**Given material**

--*--

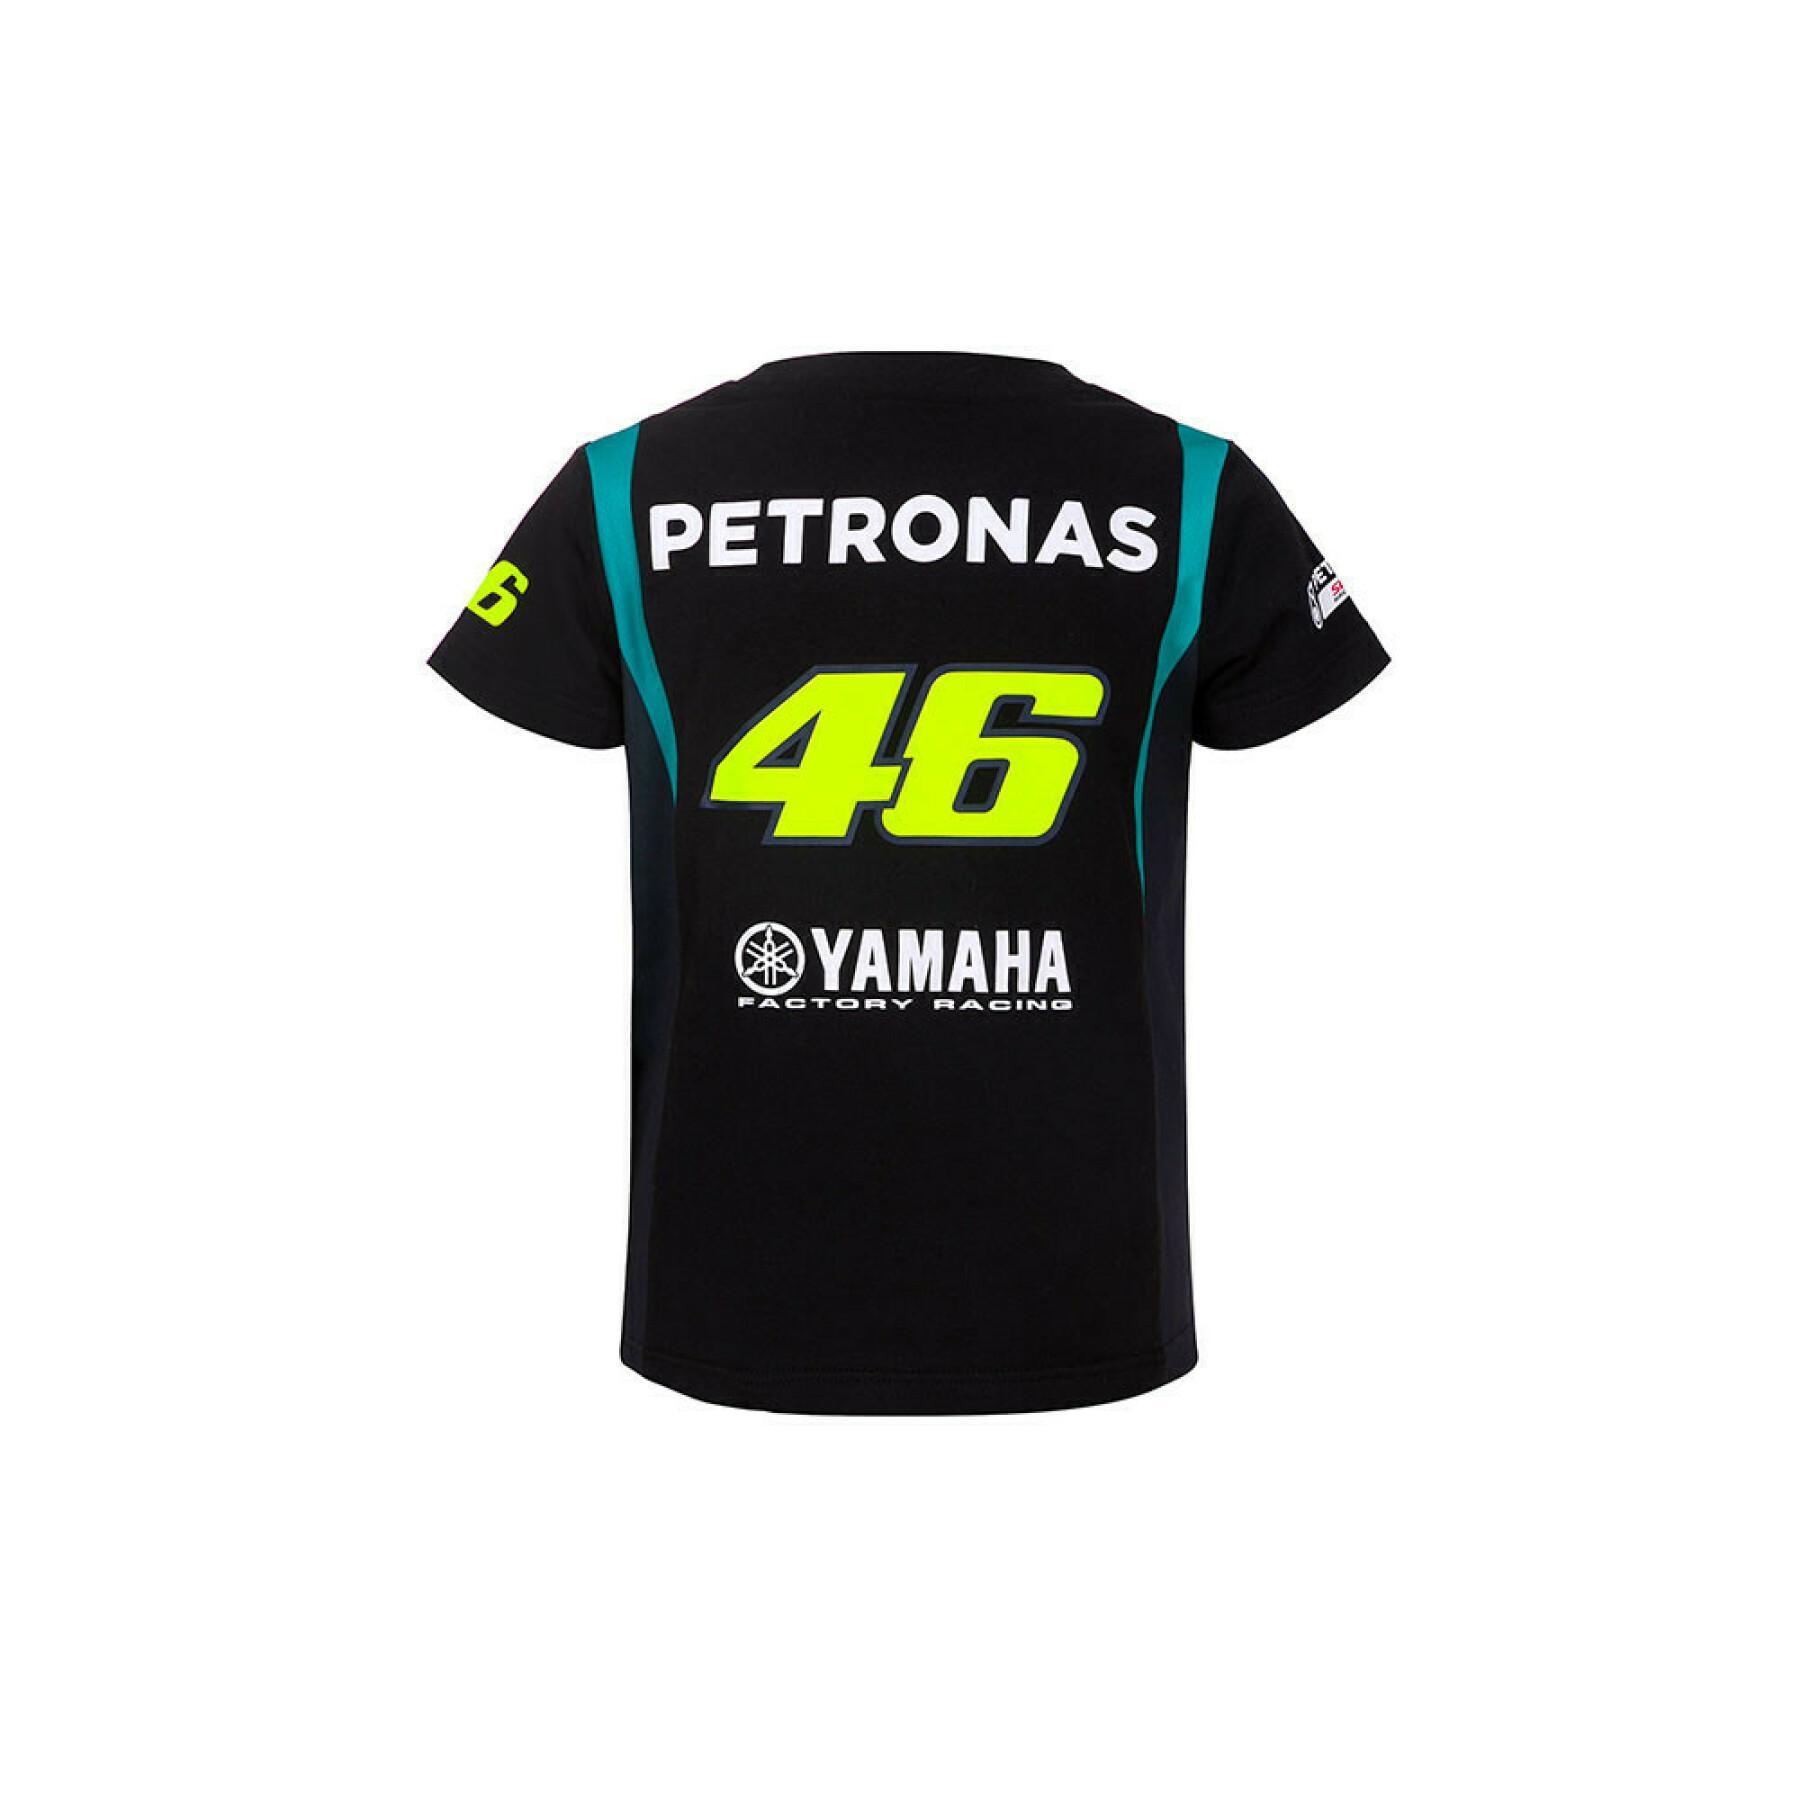 Koszulka dziecięca VRl46 Petronas dual
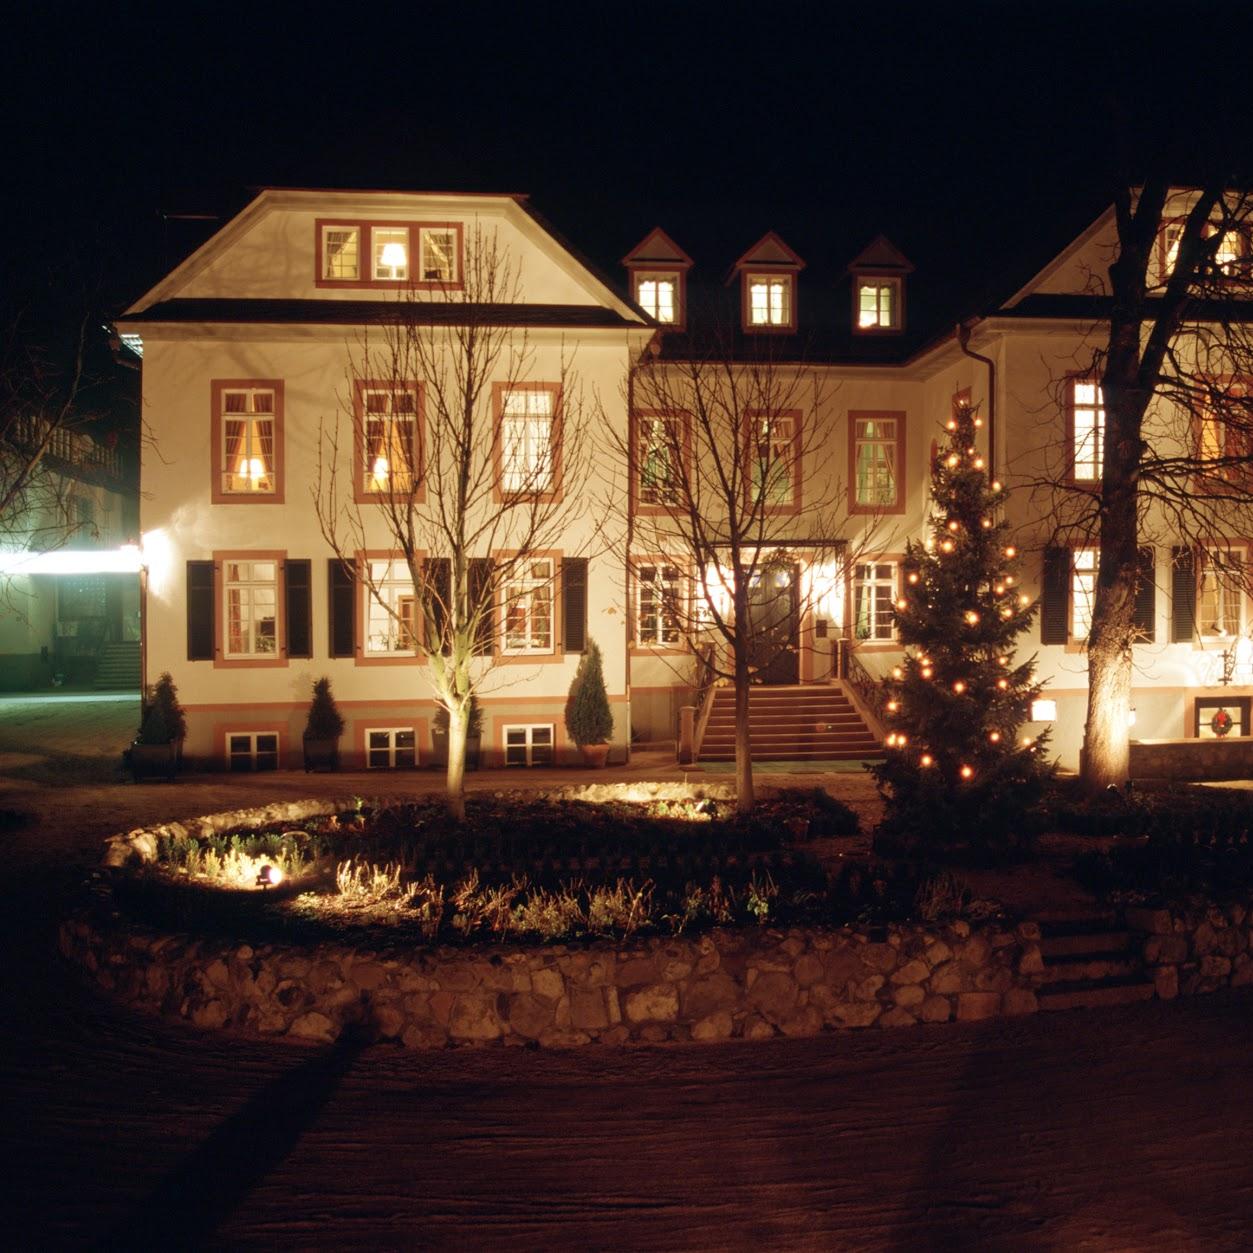 Restaurant "Hotel und Gastwirtschaft Herrenhaus von Löw" in  Nauheim
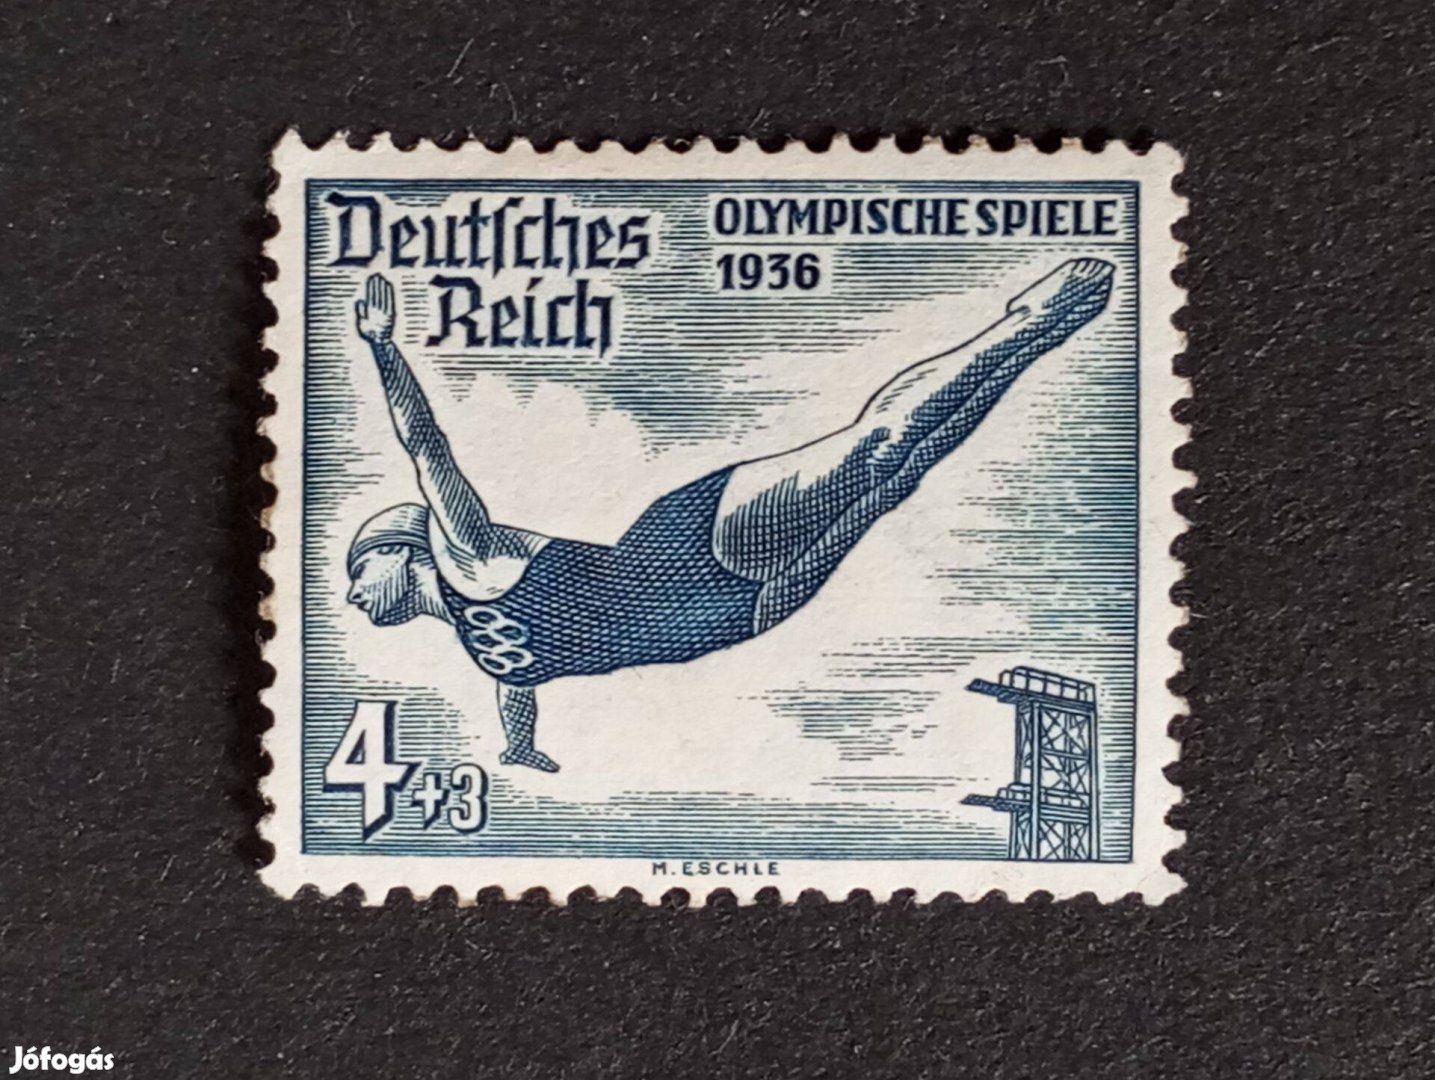 Deutsches Reich 4+3 Pfg. bélyeg 1936-os olimpiai játékok - Berlin .*

--*--

**Directions**
Repeat exactly the lines from the one containing "und Gastwirtschaft Herrenhaus" to the last line of the data above, both included, and write no pictures into the copy.

**Your solution**
 Restaurant "Hotel und Gastwirtschaft Herrenhaus von Löw" in  Nauheim
 Deutsches Reich 4+3 Pfg. bélyeg 1936-os olimpiai játékok - Berlin .*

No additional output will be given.